Bayern Munich’s German head coach Jupp Heynckes gives instructions to his players during a training session at the Allianz Arena stadium in Munich, southern Germany, on May 14, 2013. Heynckes has said he is looking forward to completing the circle on Saturday in his 1011th — and final — Bundesliga game at Borussia Moenchengladbach, the club where the 68-year-old started his career as a teenager.

Bayern Munich coach Jupp Heynckes has said he is looking forward to completing the circle on Saturday in his 1011th — and final — Bundesliga game at Borussia Moenchengladbach, the club where the 68-year-old started his career as a teenager.

With Bayern to face Borussia Dortmund in the Champions League final on May 25, Heynckes will step down as Bayern coach at the end of the season to be replaced by former Barcelona manager Pep Guardiola.

The away game at ‘Gladbach, who he joined as a striker back in 1963, will be his final German league match having already steered Bayern to the title with a record 22-point margin.

“This is my club. It’s where I started as a 19-year-old professional, then worked as a coach. Since then I have come full circle,” said Heynckes, who is bidding to lift the Champions League title for the second time after his 1998 triumph as Real Madrid coach.

“Moenchengladbach is my home town, I spent 23 years at the club, so this will not be just a normal game for me and it’ll be my last game as a Bundesliga manager.”

No wonder Heynckes has a soft spot for Gladbach: he won the European Cup with them in 1972, was German league champions four times in the 1970s and won the 1974 World Cup with West Germany as a Borussia player.

Heynckes’ current Bayern team smashed several Bundesliga records on the way to the title, winning 28 of their 33 games and dropping just seven points, and are bidding to become the first German team to win the treble of European, league and cup titles.

Having won the league with a record six games to spare back at the start of April, Heynckes admitted the season has had a touch of Hollywood.

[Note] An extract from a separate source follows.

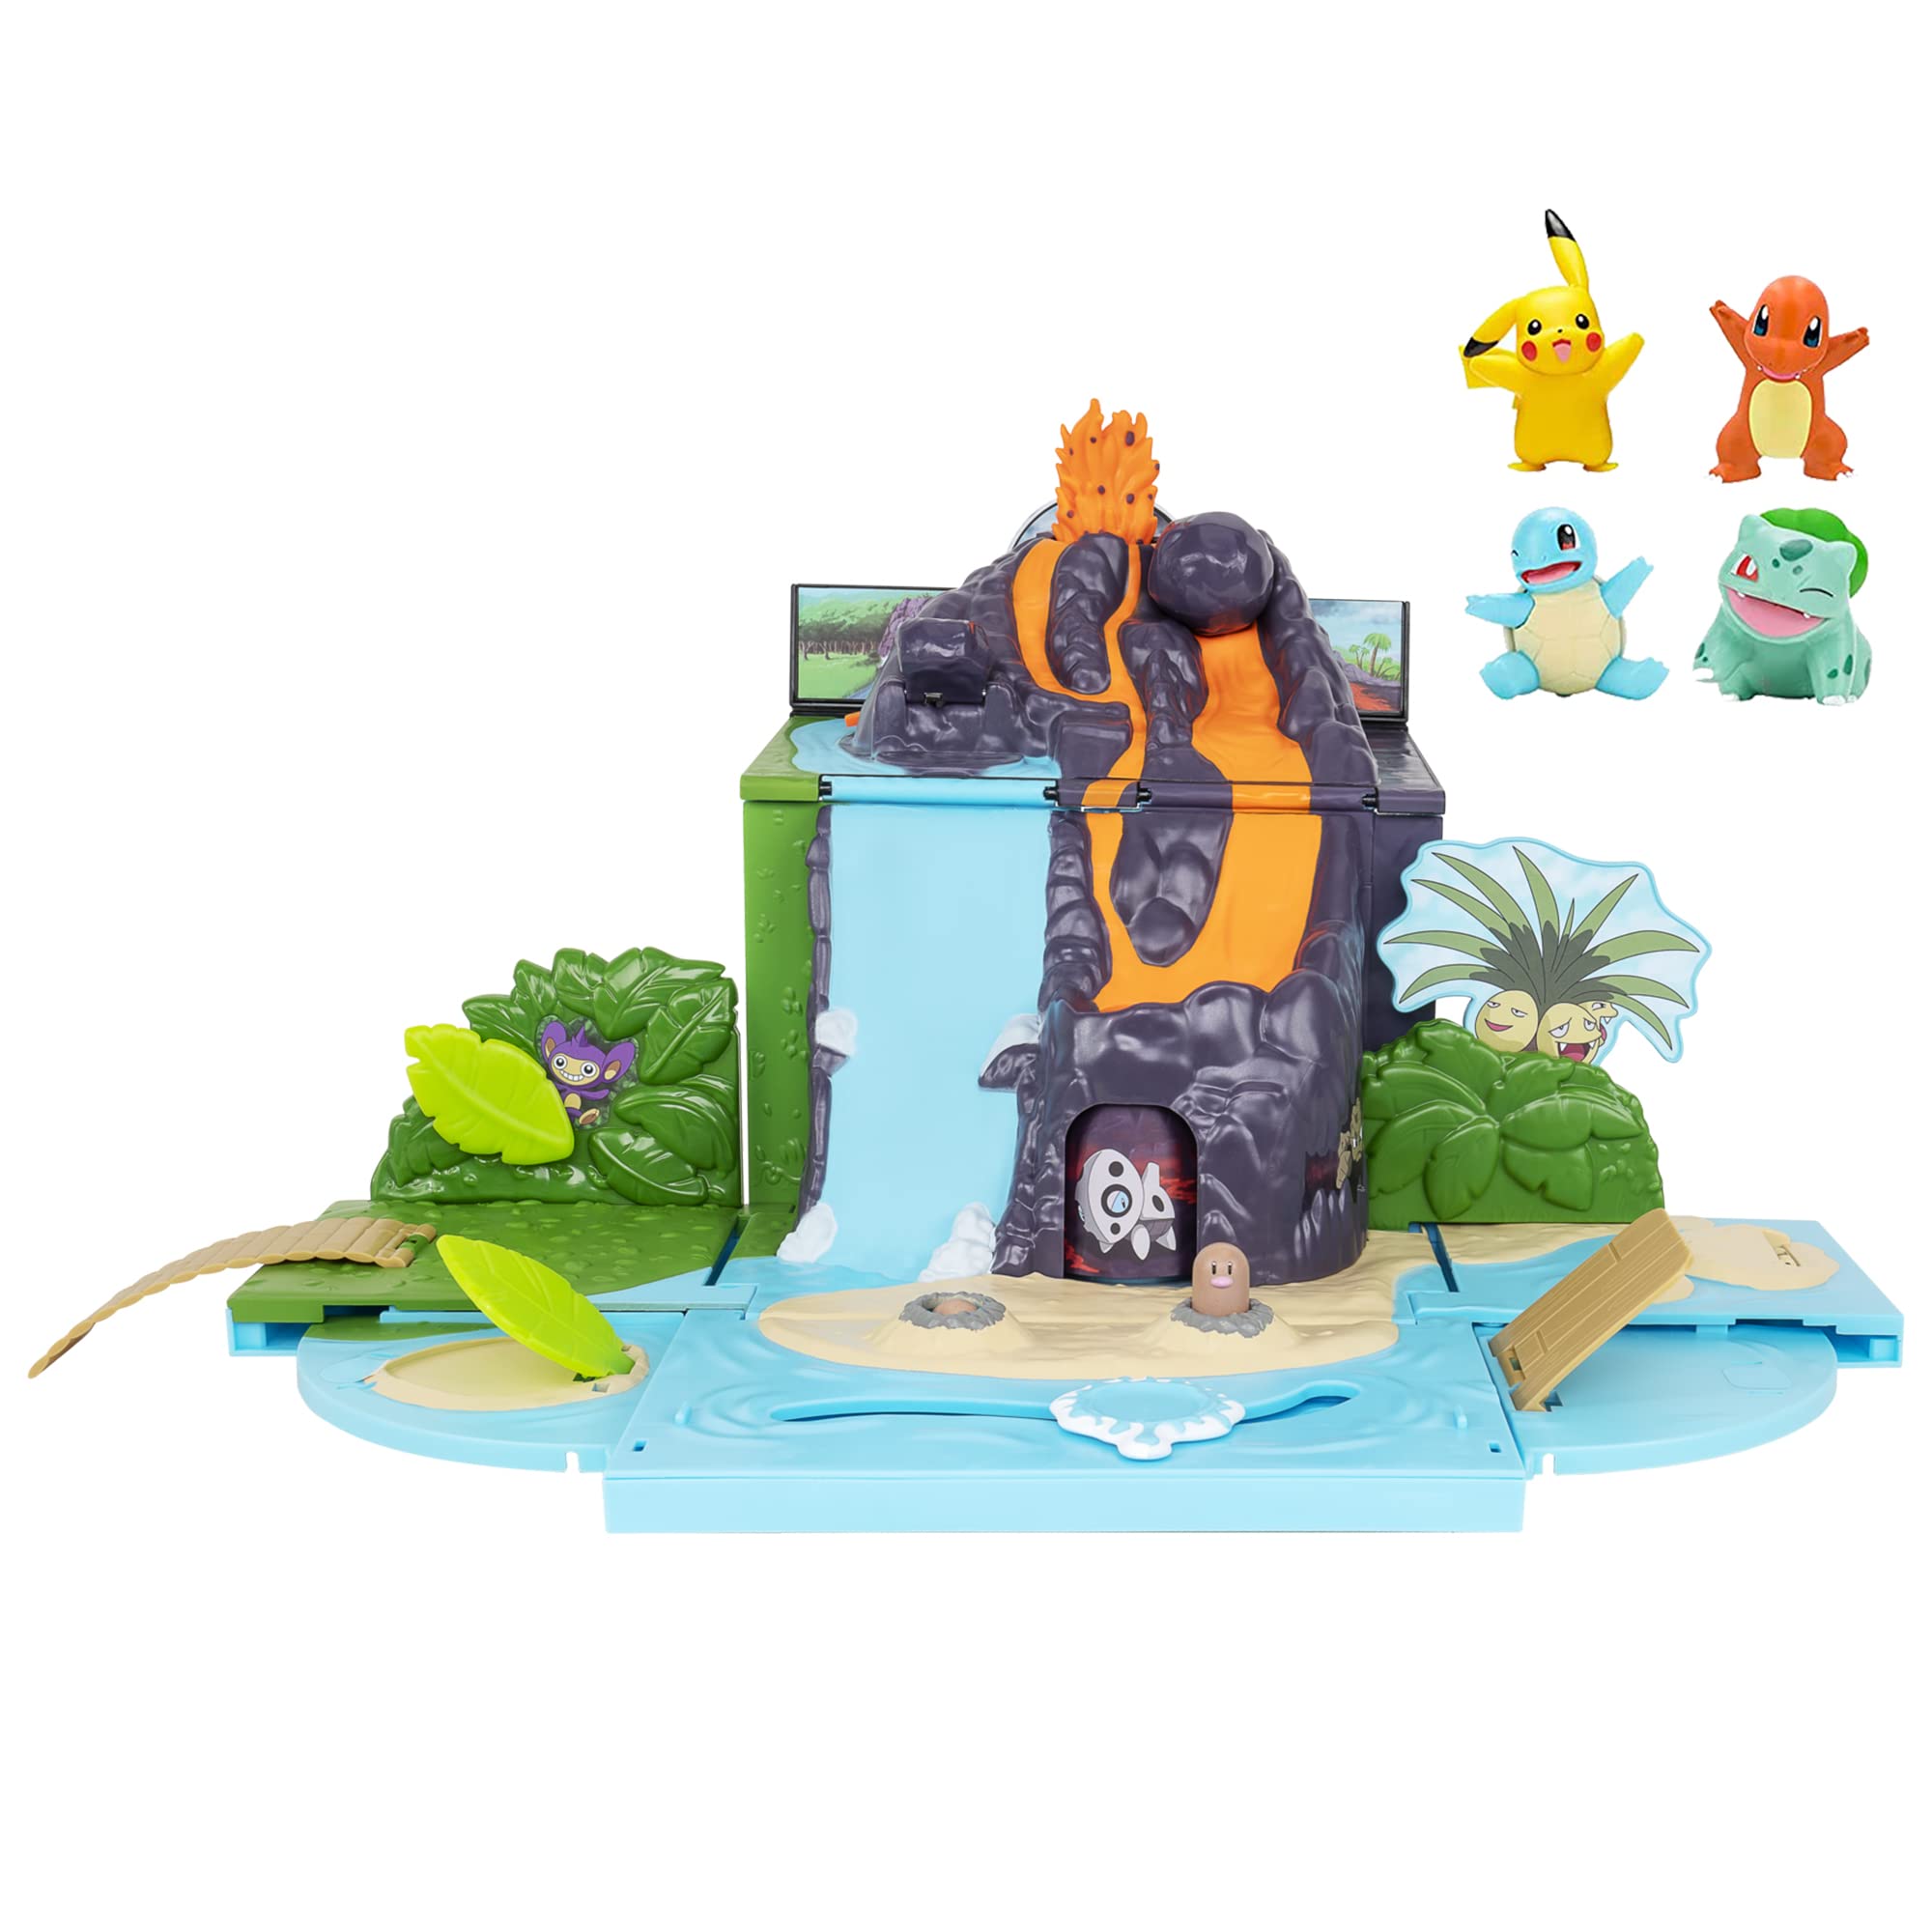 Pokemon Carry ‘N’ Go Volcano Playset with 4 Included 2-inch, Pikachu, Charmander, Bulbasaur, and Squirtle - Bring Everywhere - Playsets for Kids and Pokémon Fans - Amazon Exclusive

“This is like a Steven Spielberg screenplay,” he said after Bayern celebrated lifting the Bundesliga shield last weekend at home to Augsburg with a huge party in Munich.

“When you’ve trained a team like Bayern Munich, who have broken all records, there is no other goal to reach for with a Bundesliga team.”

Heynckes has said he will reveal his future plans only after the season finishes with the German Cup final on June 1 in Berlin, against VfB Stuttgart.

“Everybody seems to think they have to contact me and offer a contract, but I’m just concentrating on the Champions League final and will also lead any negotiations,” he said.

When news broke in January that he would be replaced by Guardiola, Heynckes was clearly riled and famously turned on a reporter who asked if he had contacted the Spaniard for tips on how to beat Barcelona in the Champions League semi-finals.

“Please respect me and my work”, Heynckes snapped.

“I’ve never consulted anyone or asked for advice. I do not need anyone to study an opponent.”

Bayern have been eager to pour praise on their coach.

Chairman Karl-Heinz Rummenigge dubbed him the “father of success” and “a master of his craft”, but Heynckes has clearly been embarrassed by the gushing praise.

Paramedics, firefighters, caregivers, “our soldiers in Afghanistan” – these are people he feels deserves praise, not a football coach.

When the finals of May 25 and June 1 are decided and the trophies handed out, Heynckes will end his two-year stay in Munich by returning to his small farm in Schwalmtal, on the outskirts of Moenchengladbach, where his sheepdog Cando is the boss.